Wednesday, May 5, 2010

Begini Rasanya Menangis Karena Hilang Kesabaran Menghadapi Anak

Semalam terjadi huru hara. Huru hara besar. Tengah malam Mas Damar minta mimik. Sebelumnya dalam tidurku aku merasa Mas Damar gelisah sekian lama. Akhirnya aku mau bangun dan menyusui Mas Damar. Seperti biasa, ketika menyusui malam-malam, aku meraba pantat Mas Damar. Ow, pantesan gelisah, basah begini. Ya sudah, aku lepas celananya. Giliran kaosnya mau dilepas, Mas Damar protes. Aku bujuk, "Mas, nanti masuk angin kalau kaosnya basah." Mas Damar ngeyel dan berujung ngamuk. Karena aku pengin pipis dan campur kesal, kutinggalkan Mas Damar begitu saja ke kamar mandi. Dan seperti biasa, dia mengikuti dan menggedor-gedor pintu kamar mandi sambil ngamuk. Minta ampun, malam-malam begini berteriak-teriak seperti itu.

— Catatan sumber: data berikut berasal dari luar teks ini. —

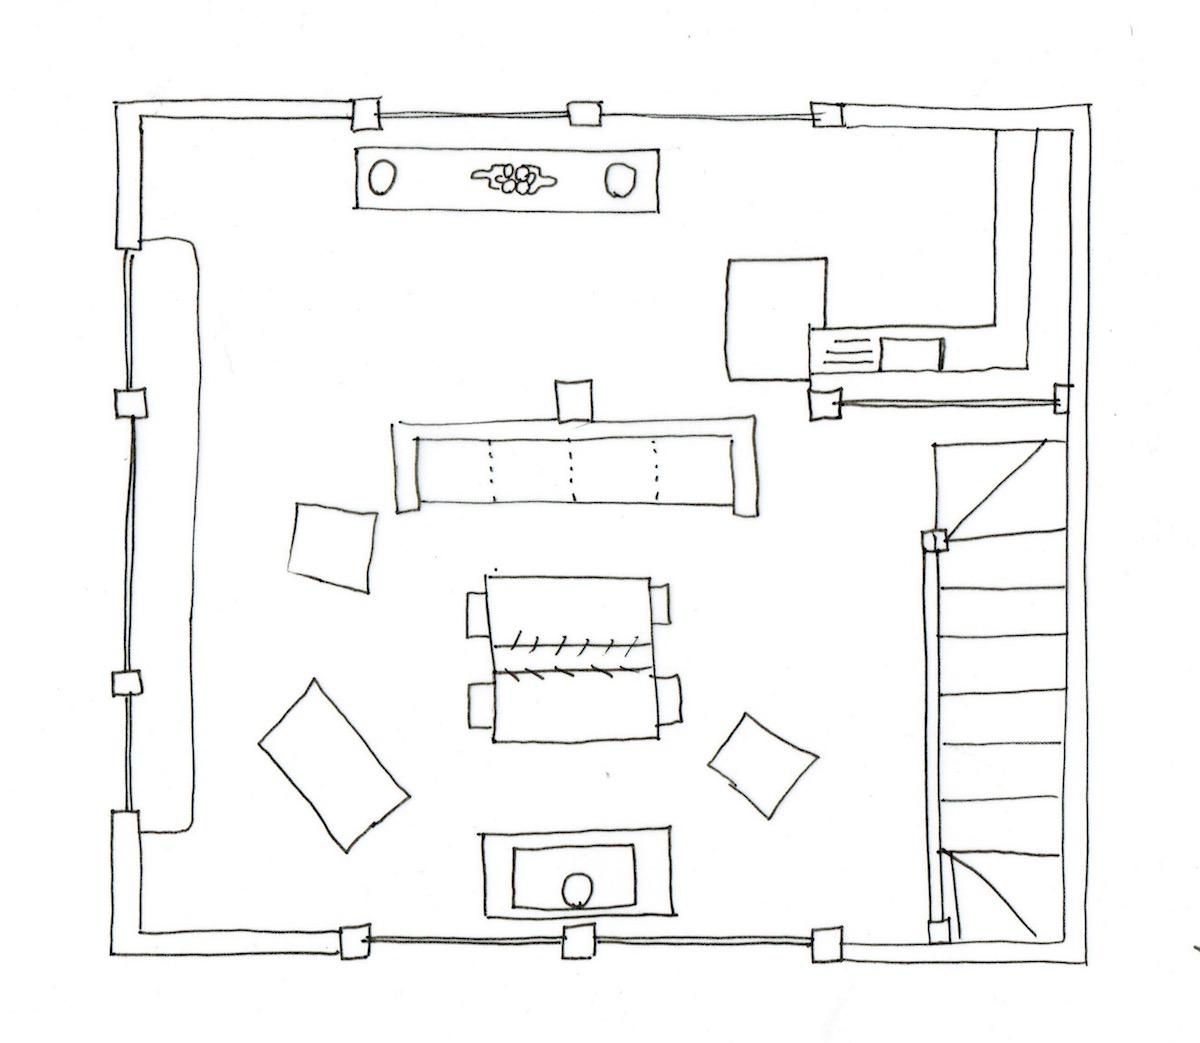 Ferme St Christophe Samoens Floor Plan 4

Aku berusaha membujuk dengan suara pelan, Mas Damar tetap ngamuk. Lalu minta mimik tapi nggak mau mimik. Malah mengusir aku, "pergi!!!" Aku keluar kamar, Mas Damar tambah ngamuk, "ikut! ikut!" Begitu terus sampai kurang lebih dua puluh menit. Aku sampai hilang kesabaran, kubanting selimut dan bantal sambil bertanya, "Mas Damar maunya apa? Kenapa?" Mas Damar tambah keras nangisnya. Astaghfirullah, akhirnya aku diam. Setengah menyesal karena sempat lepas kontrol aku menangis. Melihatku menangis, Mas Damar yang sempat diam malah ikut-ikutan menangis, tapi menangisnya tak bersuara, dan kepalanya nyusruk ke dalam bantal. Lalu kutanya dia. "Mas Damar kenapa? Mas Damar kenapa jahat sama ibu? Ibu salah apa? Mas Damar kenapa nakal sama ibu? Salah ibu apa? Mas, ibu Mas Damar cuma satu. Kalau ibu nggak ada, Mas Damar sama siapa?" Terus... terus... kuulang-ulang saja pertanyaan itu. Mas Damar tak segera diam. Lalu aku berdoa. Mas Damar diam dan ngeliatin. Lalu dia nempel-nempel ke aku. Lalu menyorongkan tangan kirinya untuk minta maaf, lalu mencium pipiku dan tak lupa : "mimik... mimik..." Hahaha, biar kondisi sedang gawat begini nggak pernah lupa ya sama mimiknya.

Setelah dia bobok (dan tetap gelisah) aku mikir-mikir. Aku ingat kejadian paginya. Aku berangkat kerja naik angkot. Ada pengamen anak-anak. Waktu dia menawarkan amplop tiga penumpang angkot termasuk aku menolak dengan melambaikan tangan. Tapi setelah itu dia tidak turun dari angkot. Dia tetap menyanyi. Dengan soundtrack ngenes nyanyian pengamen cilik itu, aku mikir. "Kalau aku nggak ada, bapak nggak ada, gimana nasib Mas Damar ya? Jangan sampai terlantar seperti ini." Karena pikiran itu, waktu si pengamen mau turun aku kasih sekedar recehan. Dua penumpang lain melirik. Aku berpikir, mereka merasa dikhianati oleh ulahku hihi.

Nyambung ke malam itu. Aku mempertanyakan, "kalau ibu nggak ada, Mas Damar sama siapa?" Astaghfirullah, jadi begini cara Allah mengingatkanku. Mas Damar milik Dia, bukan milikku. Kalau aku nggak ada, Mas Damar akan dijaga-Nya. Aku kok takabur begini. Astaghfirullah.

Aku juga mikir. Mungkin begini hukumanku karena kadang membuat ibuku menangis. Aku disuruh merasakan juga bagaimana rasanya menangis karena jengkel sama anak. Ya Allah ampuni aku. Ibu, maafkan aku.